What to do: Every line below that holds "Rice" must be copied.
___ Data shown ___
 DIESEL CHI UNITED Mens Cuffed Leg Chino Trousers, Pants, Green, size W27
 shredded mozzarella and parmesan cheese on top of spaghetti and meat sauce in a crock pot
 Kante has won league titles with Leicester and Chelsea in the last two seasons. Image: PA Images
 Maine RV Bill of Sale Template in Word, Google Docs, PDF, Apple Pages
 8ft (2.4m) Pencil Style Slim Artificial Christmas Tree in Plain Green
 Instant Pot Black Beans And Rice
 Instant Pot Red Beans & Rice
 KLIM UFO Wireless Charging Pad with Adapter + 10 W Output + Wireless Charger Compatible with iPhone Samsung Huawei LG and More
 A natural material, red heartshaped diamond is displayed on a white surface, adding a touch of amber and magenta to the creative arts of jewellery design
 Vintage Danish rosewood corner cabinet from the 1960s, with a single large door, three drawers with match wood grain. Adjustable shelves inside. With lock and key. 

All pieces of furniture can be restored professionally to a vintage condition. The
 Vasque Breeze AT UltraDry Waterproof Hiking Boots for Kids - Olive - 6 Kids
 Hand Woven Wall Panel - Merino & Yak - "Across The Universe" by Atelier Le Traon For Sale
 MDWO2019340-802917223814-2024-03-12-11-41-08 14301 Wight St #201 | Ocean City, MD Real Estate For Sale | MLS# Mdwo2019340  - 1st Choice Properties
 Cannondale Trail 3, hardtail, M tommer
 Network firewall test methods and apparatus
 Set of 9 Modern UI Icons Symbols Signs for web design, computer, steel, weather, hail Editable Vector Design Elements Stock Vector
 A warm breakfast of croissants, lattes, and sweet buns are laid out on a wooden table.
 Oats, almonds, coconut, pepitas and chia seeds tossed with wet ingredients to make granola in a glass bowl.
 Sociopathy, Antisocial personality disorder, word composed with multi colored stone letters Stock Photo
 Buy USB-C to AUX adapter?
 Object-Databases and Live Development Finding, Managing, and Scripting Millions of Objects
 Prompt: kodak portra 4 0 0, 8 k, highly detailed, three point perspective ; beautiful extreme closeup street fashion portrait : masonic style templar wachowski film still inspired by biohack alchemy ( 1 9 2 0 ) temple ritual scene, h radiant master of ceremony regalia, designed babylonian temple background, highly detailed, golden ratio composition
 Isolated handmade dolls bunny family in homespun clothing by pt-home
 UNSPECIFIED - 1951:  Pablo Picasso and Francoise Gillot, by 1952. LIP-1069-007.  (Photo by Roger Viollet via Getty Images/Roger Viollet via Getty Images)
___
Result of the task:
 Instant Pot Black Beans And Rice
 Instant Pot Red Beans & Rice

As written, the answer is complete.